Cloud Powering DH Research

Introduction to cloud computing

Overview

Teaching: 30 min
Exercises: 5 min
Questions
  • What is a cloud?

  • What does “virtual” mean when applied to a computer?

  • Why use Compute Canada’s cloud?

  • What is OpenStack?

Objectives
  • Introduce common cloud terminology.

  • Exposure to the OpenStacks Dashboard.

In the previous episode we looked at how the Internet works at a very basic level. To visit a website you enter a domain name into your browser which is converted to an IP address which directs your request to a computer (or LAN which then routes your request to a specific computer within that LAN based on the type of traffic) which then provides your computer with the data for the web page you requested.

Anyone connected to the Internet can potentially put up a website for the world to see. This ability for anyone to create a website is part of what makes the Internet so great, in that you don’t need lots of money and infrastructure to do this, just a computer and an Internet connection and some time to burn setting it up. However, what happens as your website grows in popularity? You get many more computers requesting your content, at some point this becomes too much for a single computer to handle so, you have to go out and get more computers. This adds not only the cost of the computers but also the time to set them up. In addition, that high load you just got, well it was a passing phase, and no one wants to visit your site any more and you have 10 computers you paid for not being used anymore. This is a problem of scalability and elasticity. The problem of a lack of scalability arises from not being able to easily increase your hardware resources to cope with an increased demand for your website. The problem of a lack of elasticity arises when you can not return the hardware when you no longer require it.

What is cloud computing?

Cloud computing can solve the problem of scalability and elasticity described above, but what is the cloud and how does it solve this problem?

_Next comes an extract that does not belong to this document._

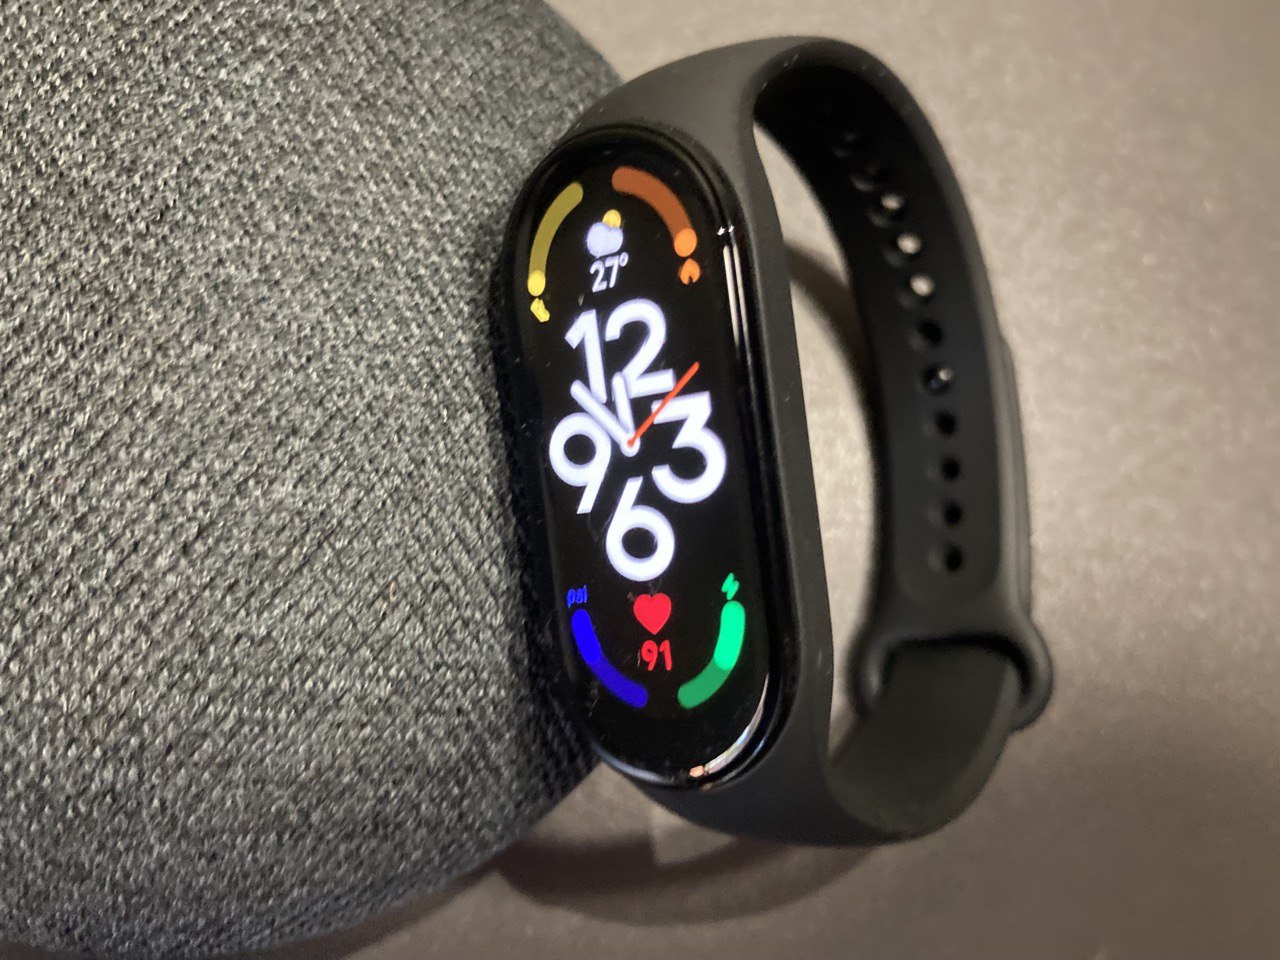 Xiaomi Smart Band 7 review: Entry-level health & fitness tracking!

A first description of the cloud could be it is someone else’s computer that you rent or borrow. But borrowing or renting a laptop from someone is not a cloud, so there is more to a cloud than being someone else’s computer that you rent or borrow. Generally a cloud isn’t something you physically possess as a user of it. You access a cloud remotely across the Internet. However, people have been remotely accessing computers for a long time before the term cloud was used so there are still more characteristics which make clouds unique.

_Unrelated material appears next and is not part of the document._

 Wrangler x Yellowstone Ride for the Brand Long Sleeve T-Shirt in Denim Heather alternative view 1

What does a cloud computing environment have that these previously mentioned cases don’t? One big characteristic is on-demand service. You are able to request resources (and get them) without additional human interaction. In other words, click some buttons on a website to get access to more devices, usually within seconds. More over, you can customize these devices using a web interface, for example request a computer with 2 CPUs, 7 GB of RAM, and 80 GB of disk space. Does this mean the providers of the cloud service had a computer sitting in their server room with exactly the hardware you requested waiting for you? No, they use a technology called hardware virtualization which is the simulation of hardware using software. What this means is that you can simulate the hardware you requested on different physical hardware. For example a computer with 4 CPUs, 16GB of RAM, and 1TB of disk space can be used to simulate a computer having only 1 CPU and 4 GB or RAM with 100 GB of disk space. A simulated computer is usually referred to as a virtual machine or VM. In this way a single physical machine can simulate multiple VMs.

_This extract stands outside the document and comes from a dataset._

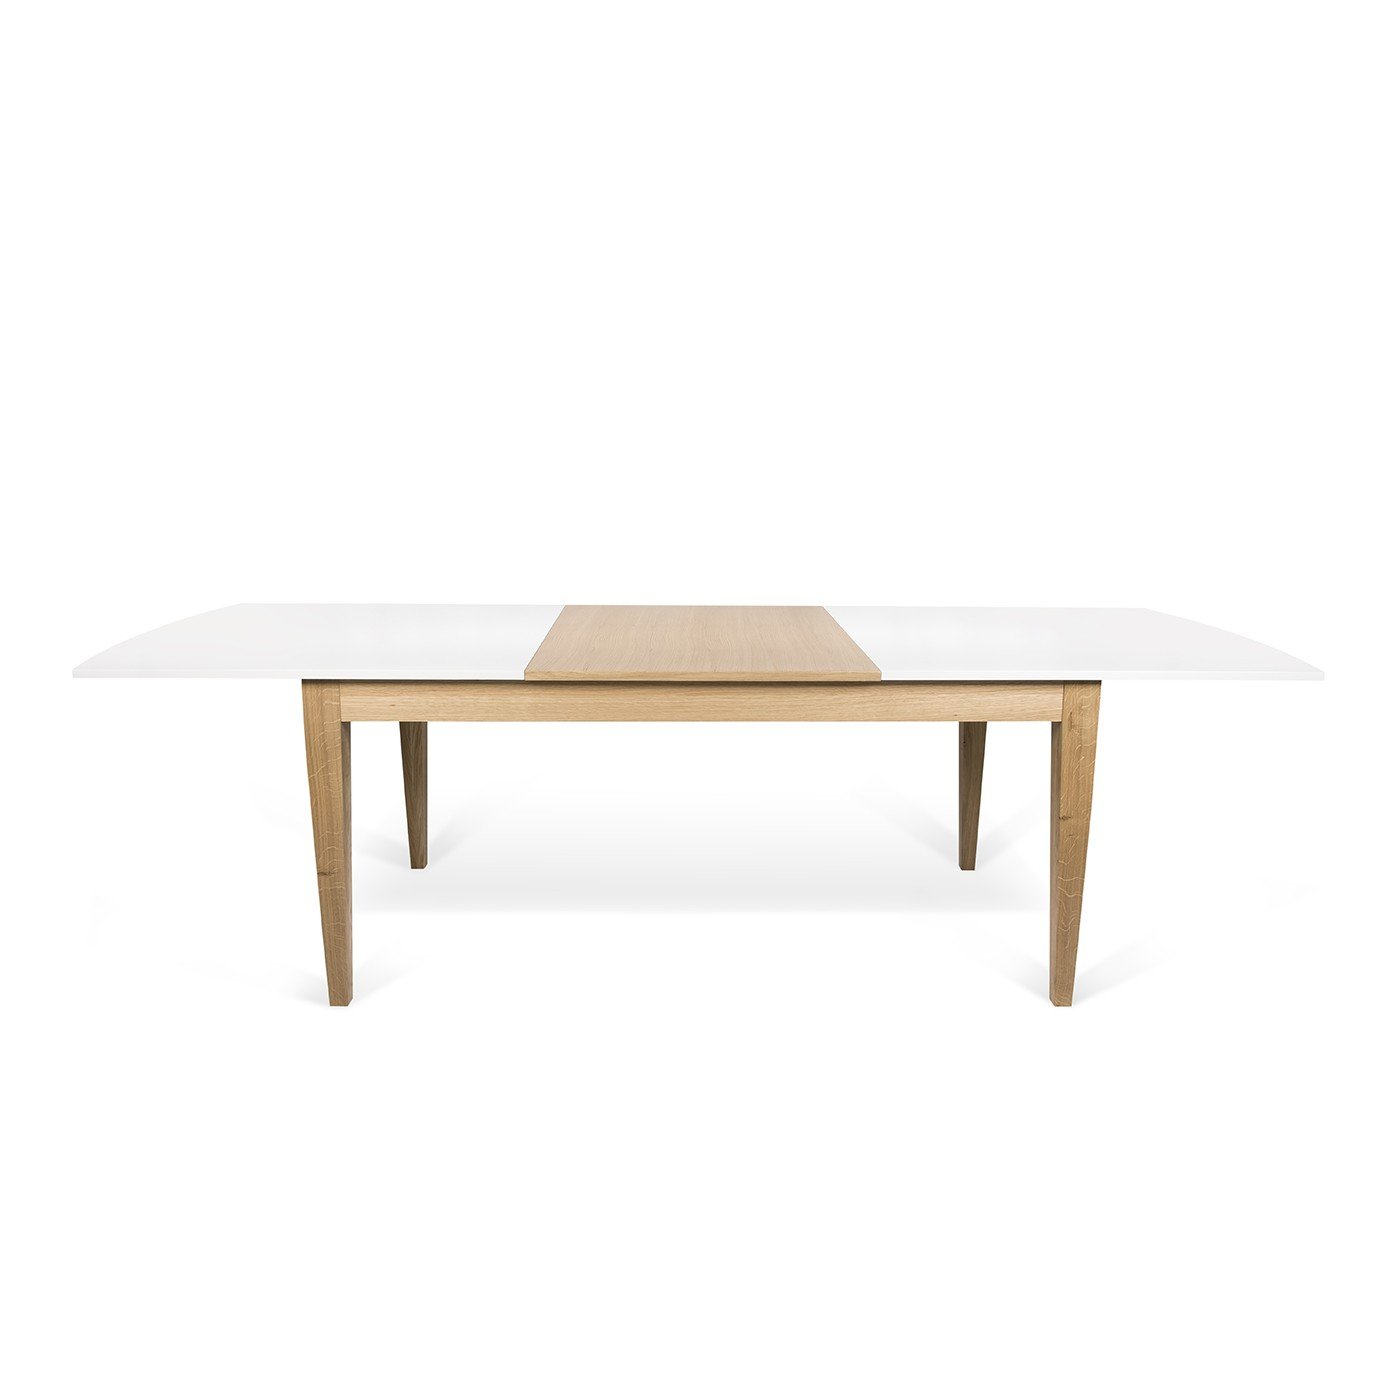 albee extendable table

The host machine and software performing the visualization are often referred to as a virtual machine monitor or hypervisor. A virtual disk can be simulated by a file residing on the host operating system’s file system. It is possible to migrate virtual machines from one physical piece of hardware to another. This makes cloud infrastructure more resilient than traditional physical hardware in that a virtual machine can be migrated off a physical machine for upgrades and maintenance allowing the virtual machine to remain available while the original physical machine hosting the virtual machine is unavailable for maintenance.

Virtualization

There are many different providers of cloud services for example, Amazon Web Service, Microsoft Azure, DigitalOcean, and many more. In general you pay for cloud services on a per usage bases. To make this billing possible there is almost always some form of resource usage monitoring and tracking built into a cloud platform.

Cloud Service Models

So far we have been talking about clouds providing virtual devices as a service, also known as Infrastructure as a Service (IaaS). Which means the cloud provider is providing the virtualized hardware as a service. On of the benefits of IaaS is that you don’t have to ensure the physical hardware keeps working the IaaS provider takes care of that for you. If instead you ran your own server for your website and a disk fails you would be responsible for replacing it. IaaS removes the requirement to actually manage the hardware. Managing the operating system and software is the responsibility of the user of the service. Infrastructure as a service allows the greatest amount of flexibility and power to configure and setup your computing environment as you like it apart from actually managing the hardware yourself. With this great flexibility comes the responsibility to ensure that security patches and operating system updates are applied and that backups are made in case of disaster. This service model also requires that the user understand how to setup and configure their environments them selves.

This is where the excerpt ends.